A blue uniform makes one no more likely to tell the truth (and more likely to lie?)
A blue uniform makes one no more likely to tell the truth (and more likely to lie?)
When I remind judges that the law does not cloak police with any more credibility than a civilian, they readily agree with me. However, in reality, a huge percentage of judges seem to assign a higher level of credibility to police. It is exasperating to say the least, and a violation of the Constitution’s Due Process guarantees and the judge’s oath of office.
Praised be writer Michelle Alexander for her recent New York Times op-ed article showing why lying is common among police. As I view it, a huge percentage of the general population routinely lie, police are drawn from the general population, so lying will be very common among police.
Here are some points in Ms. Alexander’s article:
- Grant money for law enforcement encourages lying, to show success that justifies getting the grant money.
- For police to show they are productive, they may feel the pressure to lie.
- “Peter Keane, a former San Francisco Police commissioner, wrote an article in The San Francisco Chronicle decrying a police culture that treats lying as the norm.” He says lying is common by police as to disenfranchised people because police can do it in the first place, and because they figure nobody cares about such people.
- In 2011, in condemning “a widespread culture of lying and corruption in the department’s drug enforcement units”, New York Judge Gustin Reichbach declared: “‘But even this court was shocked, not only by the seeming pervasive scope of misconduct but even more distressingly by the seeming casualness by which such conduct is employed.'”
- In September 2011, “it was reported that the Bronx district attorney’s office was so alarmed by police lying that it decided to stop prosecuting people who were stopped and arrested for trespassing at public housing projects” unless a prosecutor first verified the charges by directly talking with the police officer.
- “In 2010, a New York City police officer named Adil Polanco told a local ABC News reporter that ‘our primary job is not to help anybody, our primary job is not to assist anybody, our primary job is to get those numbers and come back with them.’”

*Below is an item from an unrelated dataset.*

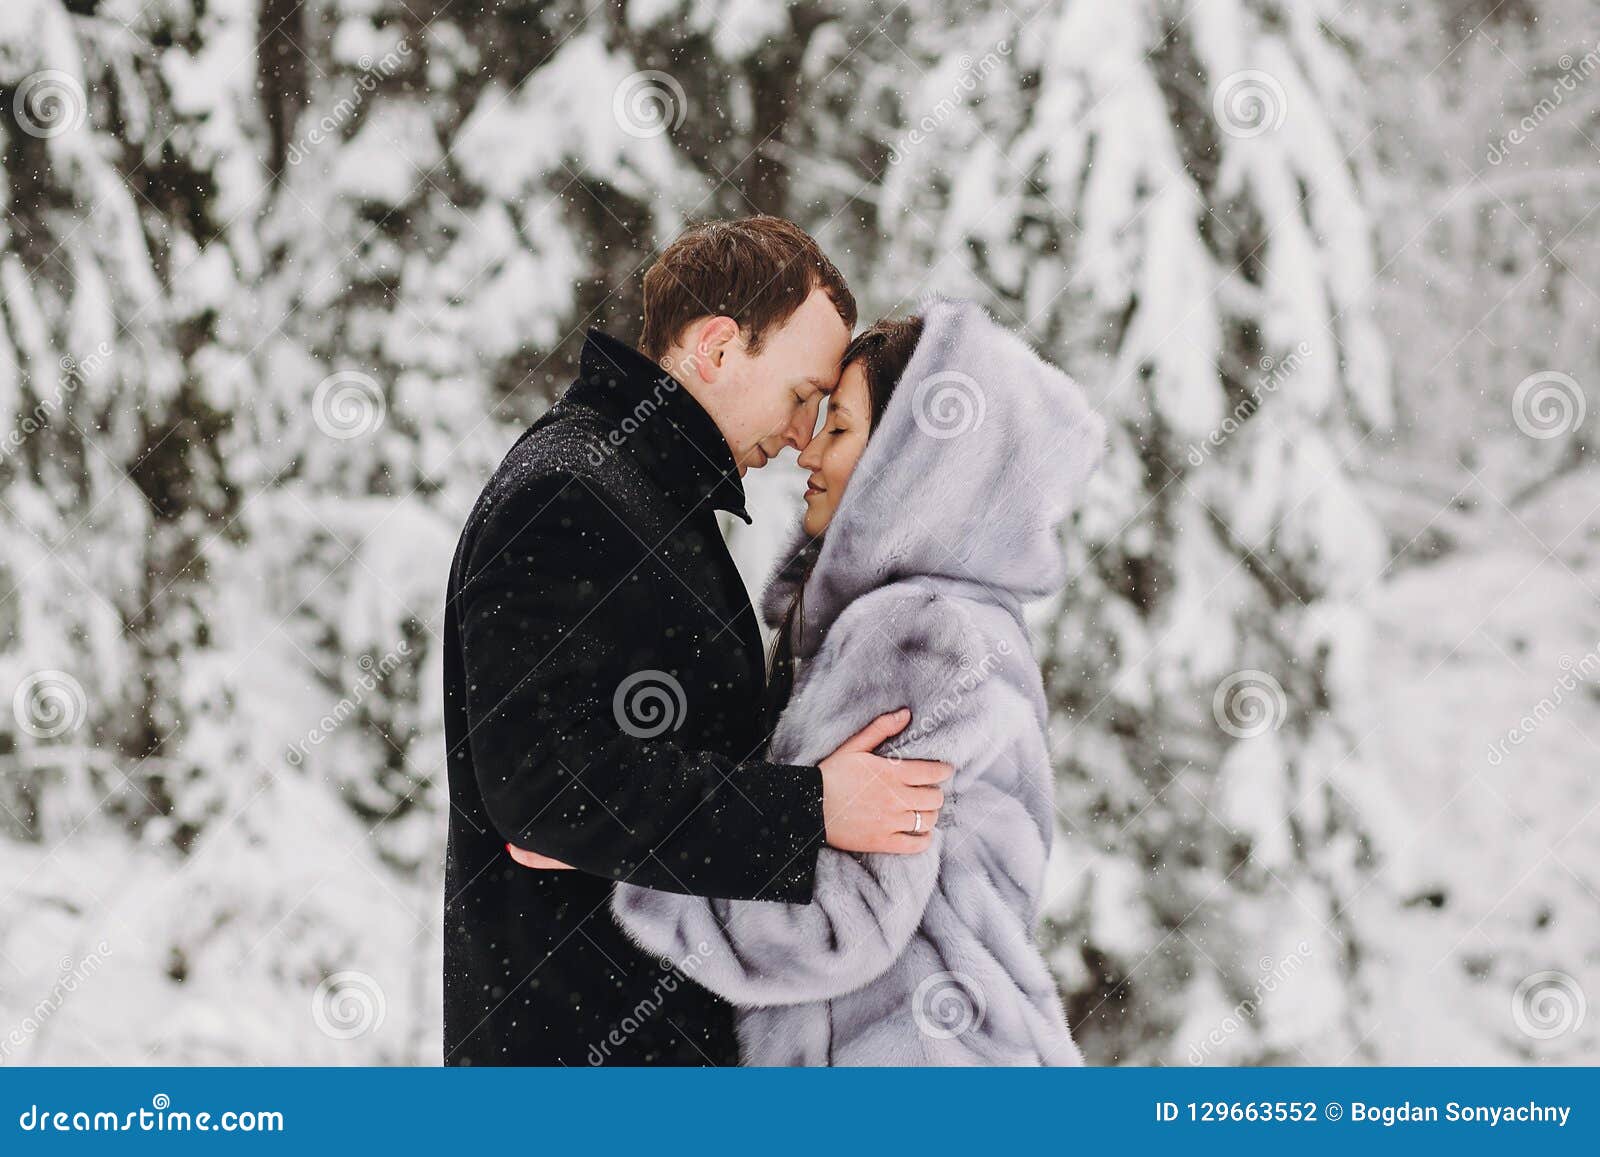 Stylish Couple Embracing in Winter Snowy Mountains. Happy Romantic ...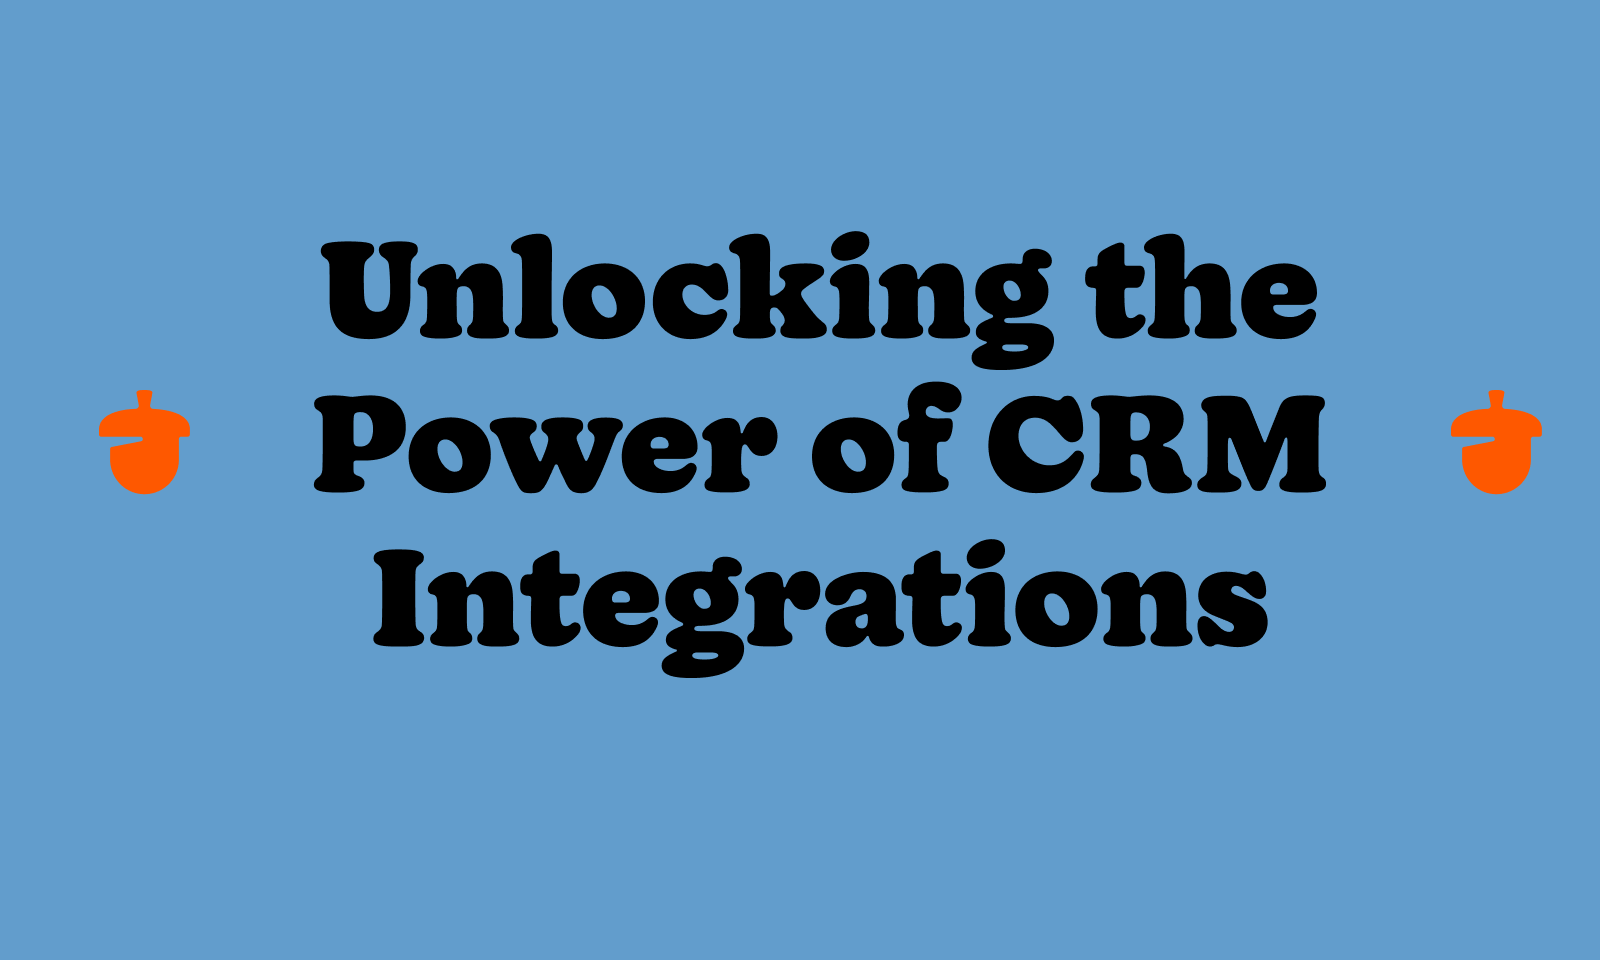 Unlocking the Power of CRM Integrations

What do judges, prosecutors and jurors have to fear about not cloaking police in a higher plane of credibility? Do judges fear having more evidence suppressed? Do all three groups fear having criminals hit the street again because the prosecutor has been unable meet his or her burdens of proof? Judges, jurors and prosecutors take oaths to loyally and fully satisfy their functions; they are not permitted to escape their oaths.